Rule 1: Game A is to be played before game B.

Rule 2: Game B begins on an odd hour.

Deduction: Game B can only be played at 3 p.m or 5 p.m. 1 p.m is ruled out because it has to be played after game A.

#### Ordering setups

Common ordering setups:

• Prioritising tasks in a workday.
• Determining the order in which employees take their summer vacation.
• Scheduling sports games in a league.
• Seating arrangements around a circular table.
• Assigning yoga instructors to classes in a yoga retreat.
• Ranking movies, from 5 stars to 1 star.

Ordering setup questions:

#### Grouping setups

Order doesn't matter in groups. If A and B both belong in Group C, it doesn't matter if A comes before or after B.

Common grouping setups:

• Determine which of three sports each of 8 people will play on a cruise ship.
• Determine whether each of 24 students are in the football team or not in the football team.
• Determine whether each of 8 employees will work morning shifts, afternoon shifts, or both.
• Determine which 4 of 8 students are in the debate society and which 4 are in the poetry club.

Grouping setup questions:

#### Mixed setups

In mixed configurations (both ordering and grouping) the rules in the diagram should clearly reflect which of the two they are referring to.

Common mixed setups:

• Determine which sports event twelve children will participate, and in which sports field. (group + group)
• Determine which sports event twelve children will participate, the house group, and the sports field. (group + group + group)
• Determine which sports event twelve children will participate, the sports field, and the day of the week. (group + group + ordering)
• Determine which day five employees that work in two different departments will take their day off. (group + order)
• Determine which eight athletes will compete in the track event and the lane order. (group + order)

#### Keywords

Take special note of key words that define relationships between elements.

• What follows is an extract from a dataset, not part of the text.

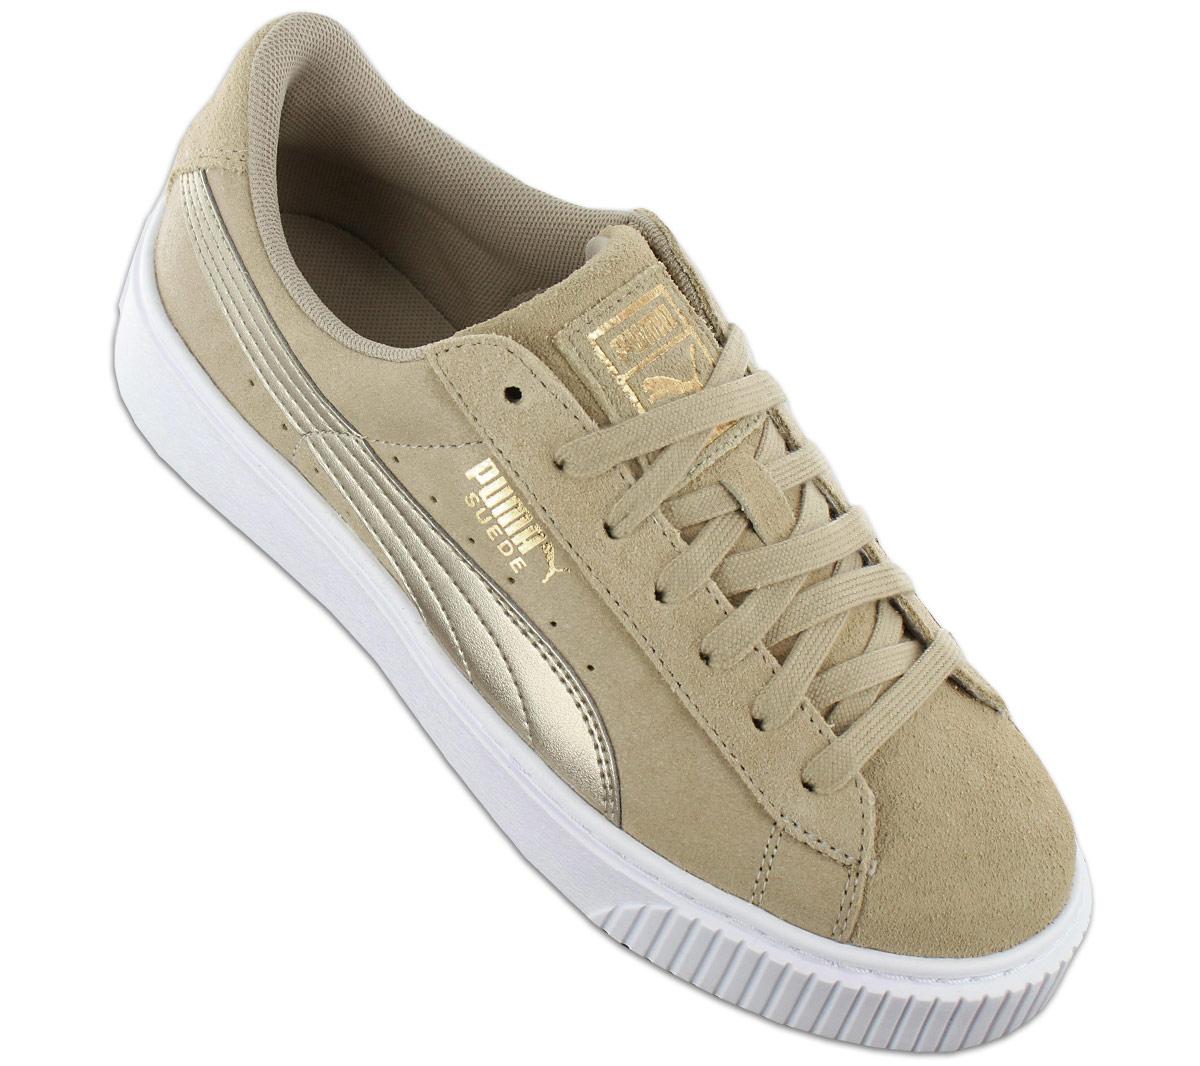 Nuevo Puma Gamuza Safari Wns 364594-01 Mujeres Plataforma Zapatos Zapatos Zapatos Zapatillas zapatillas Venta  Felices compras
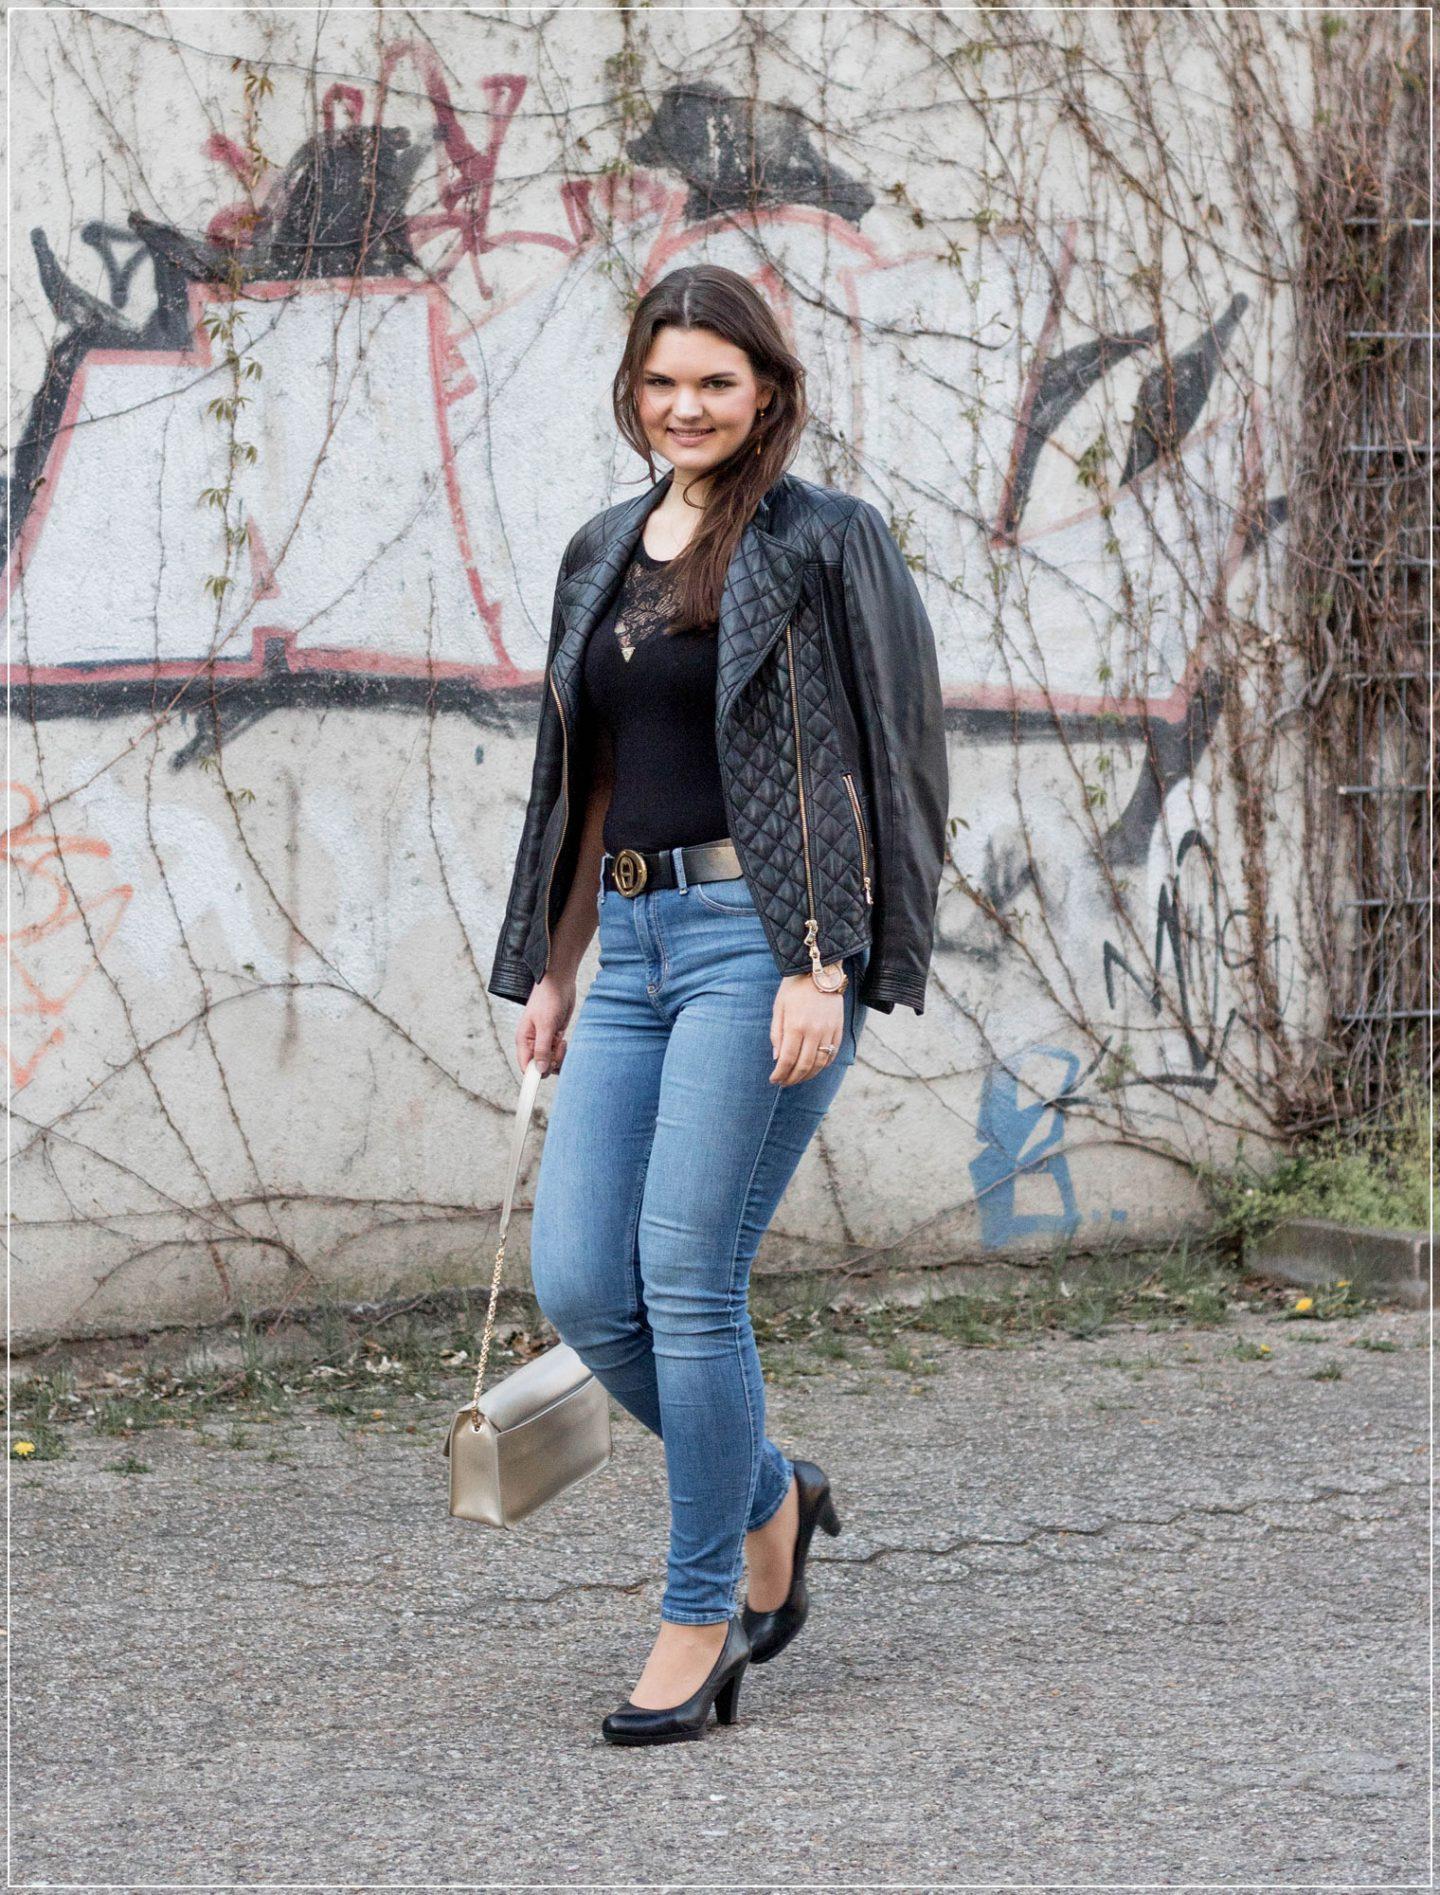 Modeklassiker, Abendoutfit, Denim-Style, eleganter Style, Styleguide, Outfitinspiration, Modebloggerin, Fashionbloggerin, Modeblog, Ruhrgebiet

Examples include minimum, maximum, exactly, always, never, at least, only, can/cannot be, possible/not possible.

#### Outside knowledge

Disregard and brush aside knowledge you may have about a particular topic in a passage. The passages have provide sufficient facts, and all outside knowledge is unecessary.

#### Rule/choice elimination

It can sometimes be helpful to eliminate choices based on rules. Eliminating choices that don't adhere to a specific rule helps avoid situations where all choices are consecutively checked against all rules.

#### Scenarios

Scenarios can be time saving when groups, and not elements, are restricted to either two or three situations that conform to all stated rules.

Example:

Suppose we want to know the order of appearance of six actors in a movie, A,B,C,D,E,F

We know that A comes before D, and that there are three actors between them.

This leaves only two possible scenarios.

First scenario: A _ _ _ D _

Second scenario: _ A _ _ _ D

This is a great way to eliminate choices. Furthermore, an extra rule, such as D appears before F would eliminate the second scenario since D cannot be last.